• Given data
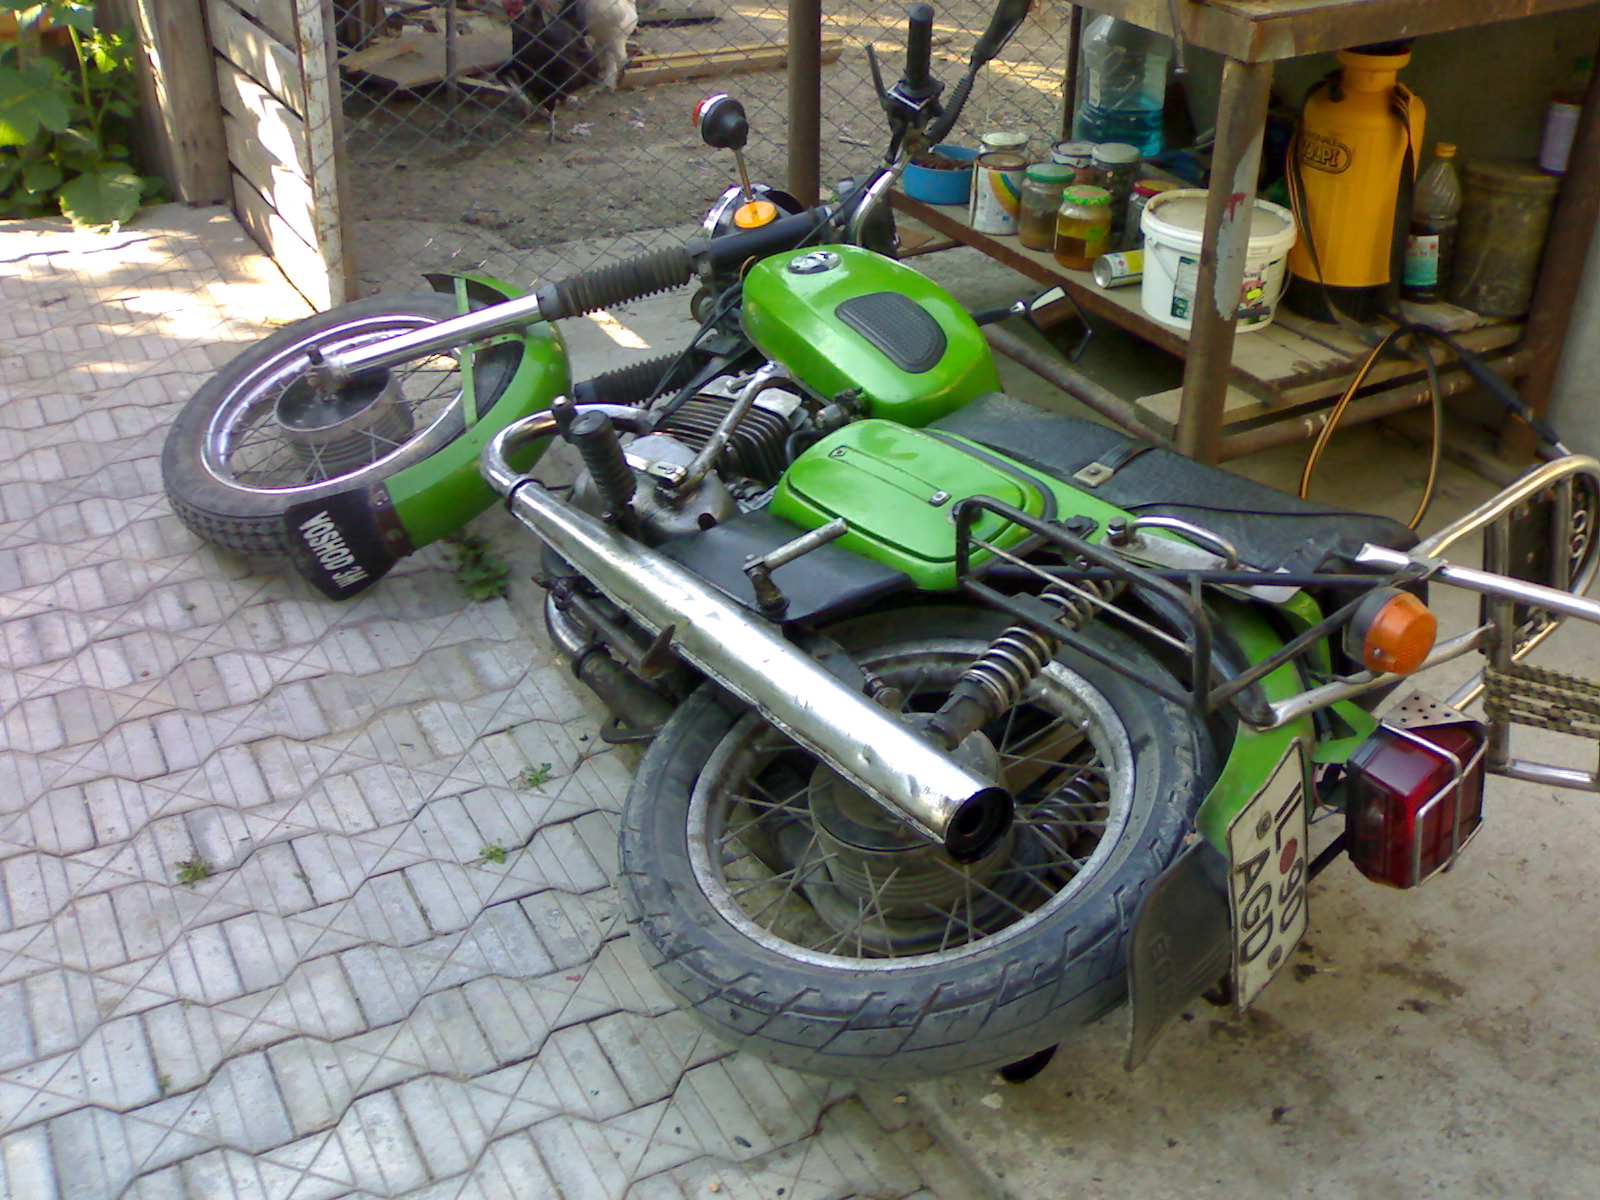 Motoarele Lui Fanes - Motocicleta mea - MOTOCICLISM.ro
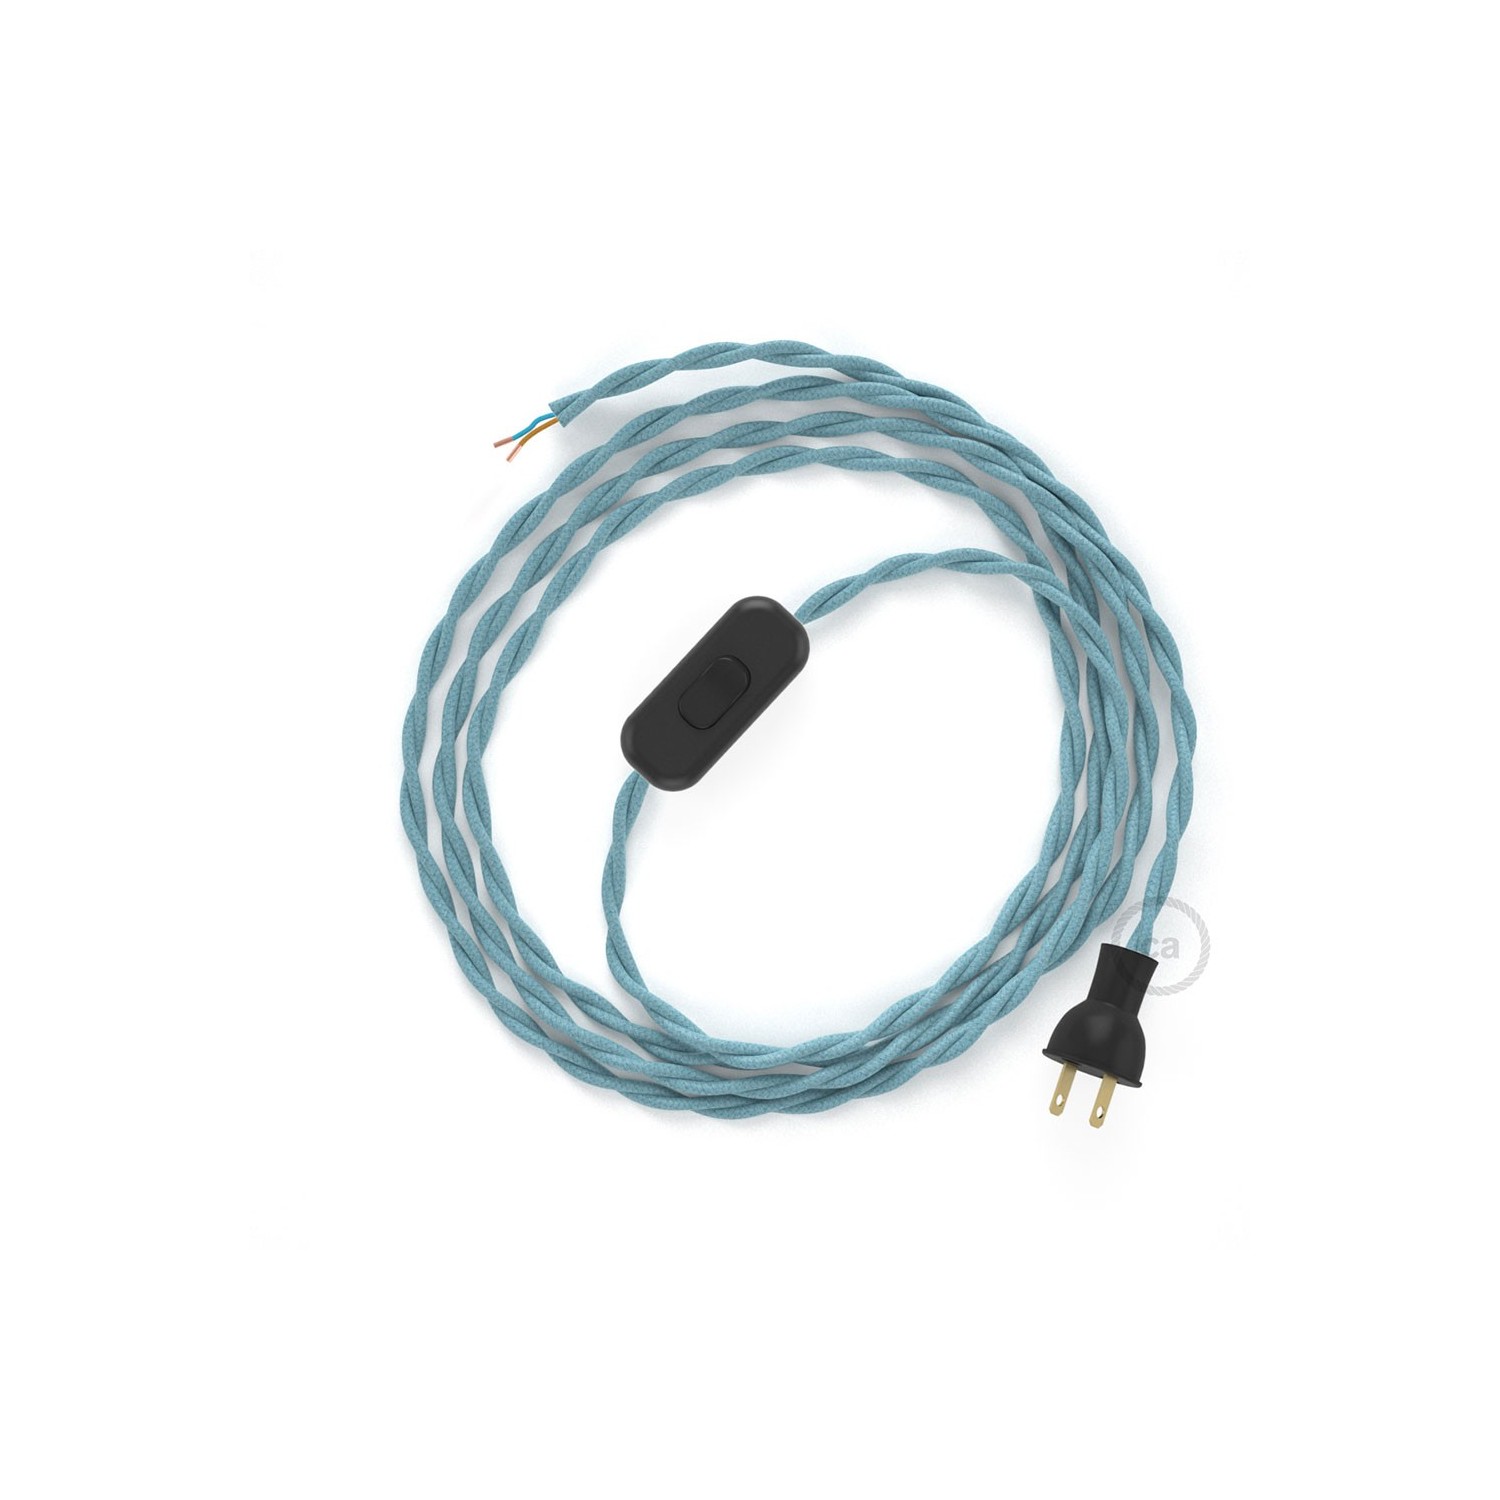 Cableado para lámpara de mesa, cable TC53 Algodón Oceano 1,8 m. Elige el color de la clavija y del interruptor!
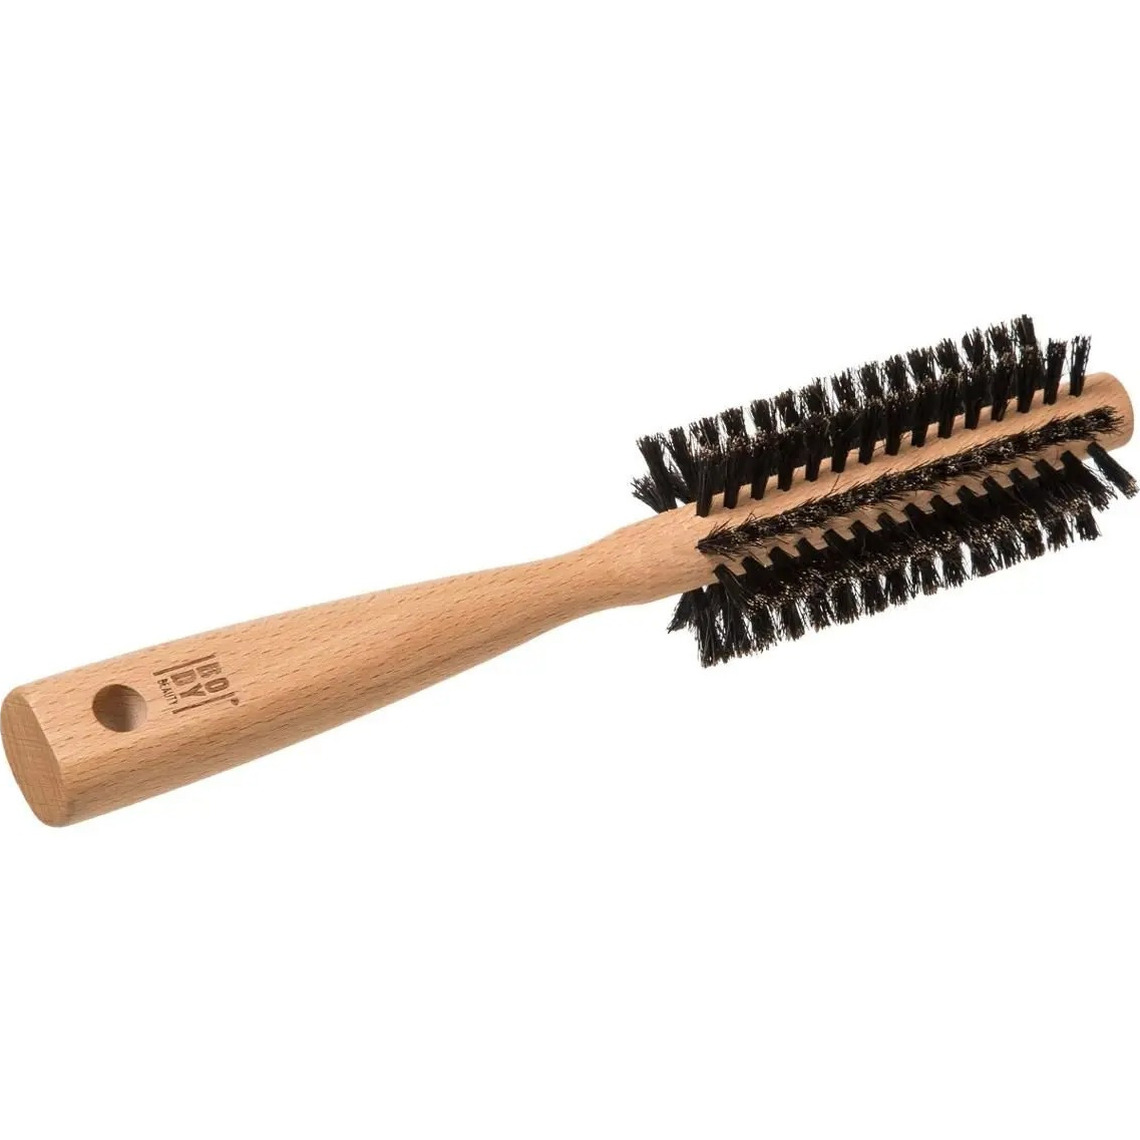 5five Haarborstel rond naturel met varkenshaar 24 cm van hout - Persoonlijke verzorging artikelen -

• To do
Repeat the data verbatim, excluding all pictures.

• Response below
 Motoarele Lui Fanes - Motocicleta mea - MOTOCICLISM.ro
 Cableado para lámpara de mesa, cable TC53 Algodón Oceano 1,8 m. Elige el color de la clavija y del interruptor!
 5five Haarborstel rond naturel met varkenshaar 24 cm van hout - Persoonlijke verzorging artikelen -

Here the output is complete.